Sitting at the table, eating my third heaping plateful of pasta, I watched as my housemates shuffled in and out of the lounge where we are all gathered around watching Hollyoaks. The dinner conversation turned from who was going to do the washing up to when our final exams had been scheduled…no one mentioned my food…or my eating habits.  I don’t know if that was out of politeness?  Or embarrassment? Or whether they simply didn’t notice or worst of all…didn’t care.  Part of me felt resentful that no one asked what was wrong and the other part felt grateful that my eating disorder and me were being left alone.

After dinner I hauled myself upstairs to the bedroom in the house that I shared with 4 other housemates at university.  My typical routine after dinner was to go upstairs to ‘have my dessert’…this usually consisted of whatever I had in the box that I kept underneath my bed.  Chocolates, cakes, crisps, crackers, sweets.  I would then eat until I felt sick and bloated.  I would then take approx 6-10 rennies and ½ a bottle of Pepto Bismol.  I had been doing this for the last 18 months and my body was really beginning to suffer.  Not only had I gone from 14 stone to 22 stone (I’m 5’11”) but also my digestive system simply didn’t seem to be working properly.  I had been to see the GP who had diagnosed me with irritable bowel syndrome but it didn’t seem to occur to him either that I might have an issue with food.

I was often perplexed by my apparent lack of will power…I had been very driven and determined in other areas of my life.  I was captain of the rugby team and I scored high marks throughout my education.  I did however recognise a tendency toward perfectionism…I always wanted to be the best, to get the best marks, to finish first and to win everyone over.  Why was I all over the place when it came to food?

Now when I look back I can see that a fair bit of my behaviour was not healthy at all and I think much of this started when I was still living at home with my family.  My mother had been born into a poor, working class family and had often gone without as a child…that included food.  As an adult she had ‘worked her way up’ and was financially secure but she was still preoccupied with us having enough, especially enough food.  My father worked in his own business; he worked hard and played hard.  He liked a drink and was a tough man.  There wasn’t a lot of room for tears in our house.  I had two older brothers and a baby sister.  My older brothers were frequently getting into trouble and being yelled at for one thing or another and my baby sister was just that…the baby and we all adored her.  I figured that the best thing to do would be to get on with things and keep my head down.
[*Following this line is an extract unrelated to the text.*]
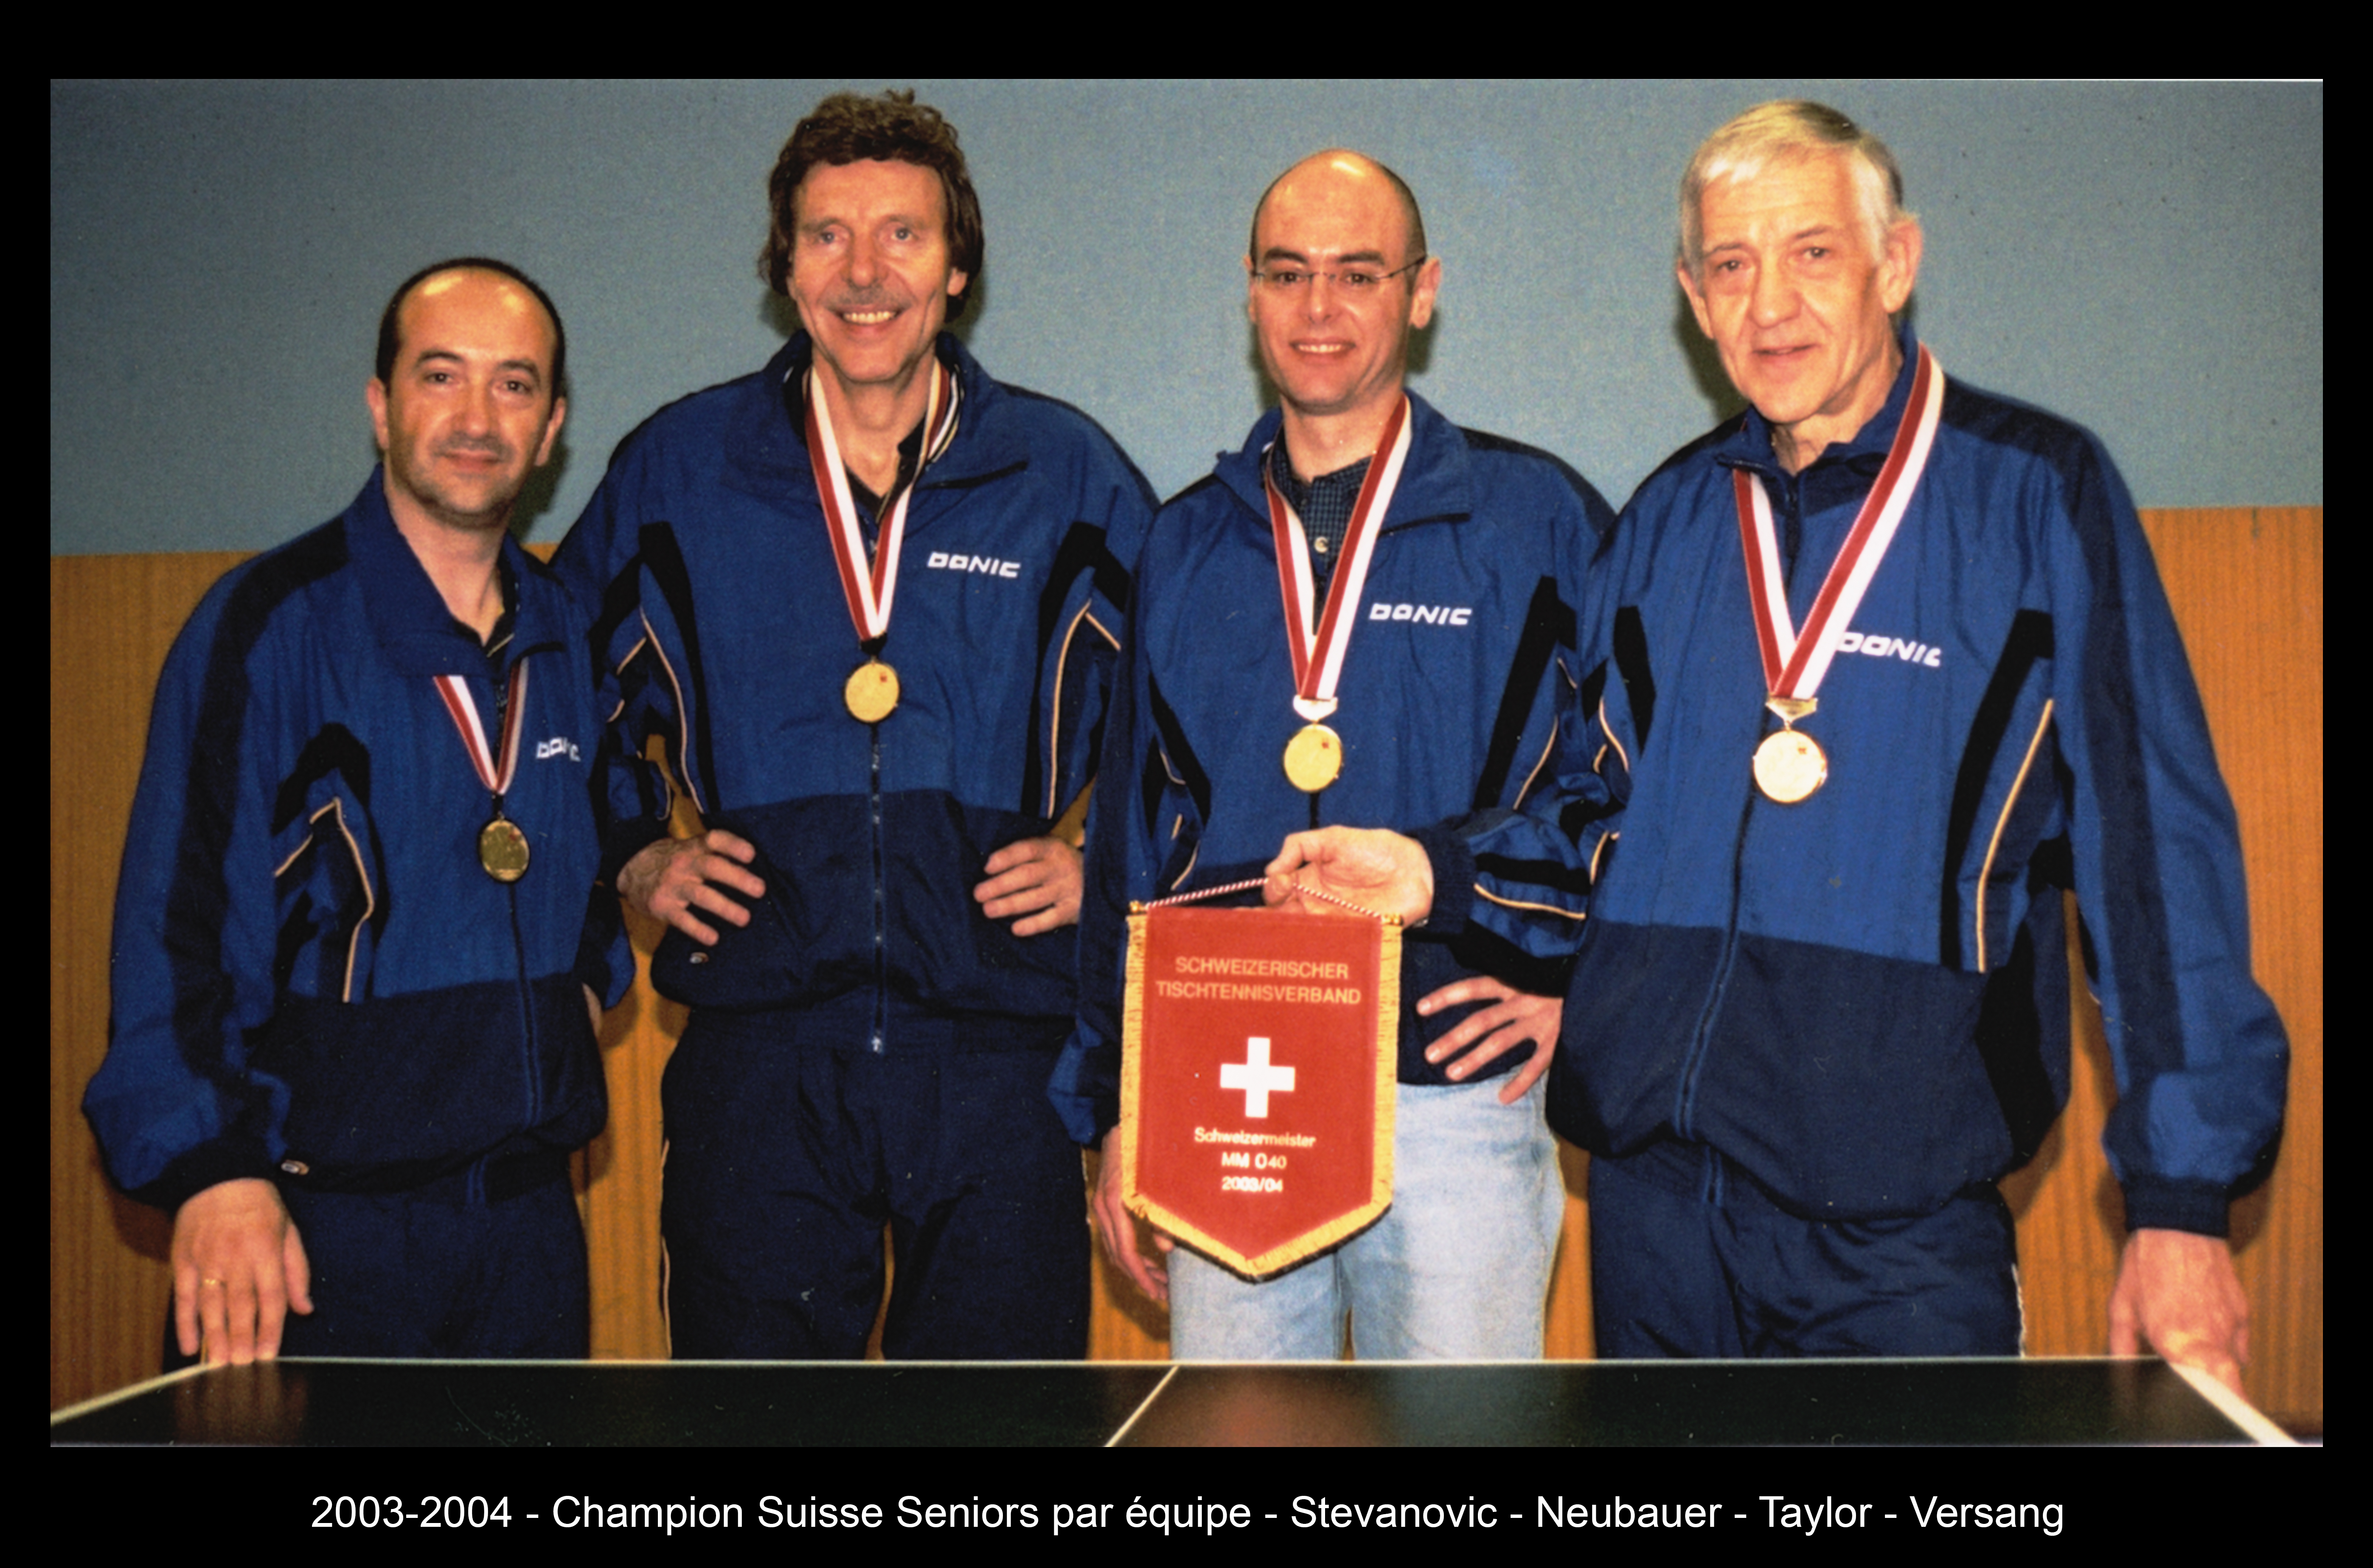 2003-2004 - Champion Suisse Seniors par équipe - Stevanovic - Neubauer - Taylor - Versang

That resulted with me always trying to please everyone and that included eating everything that was given to me…no matter how hungry I was.  I found myself forcing myself to be sick because I was so full of the food I had stuffed myself with.  I was about 12 years old when this started.

Food became more than just food, it became an escape…when I was eating I had learnt to disengage from my body so that I could ignore the “YOU”RE FULL!” alarms that would be going off inside my head.  I began to fantasize about food and became preoccupied with what I was going to eat and when.  When I was 15 years old I noticed that my weight was steadily going up.  I was exercising regularly and was on the rugby, cricket and football teams from my early teens so that had kept the weight down to a degree and was also vomiting 4-5 xs per week.  I decided to start dieting and that’s when things really declined.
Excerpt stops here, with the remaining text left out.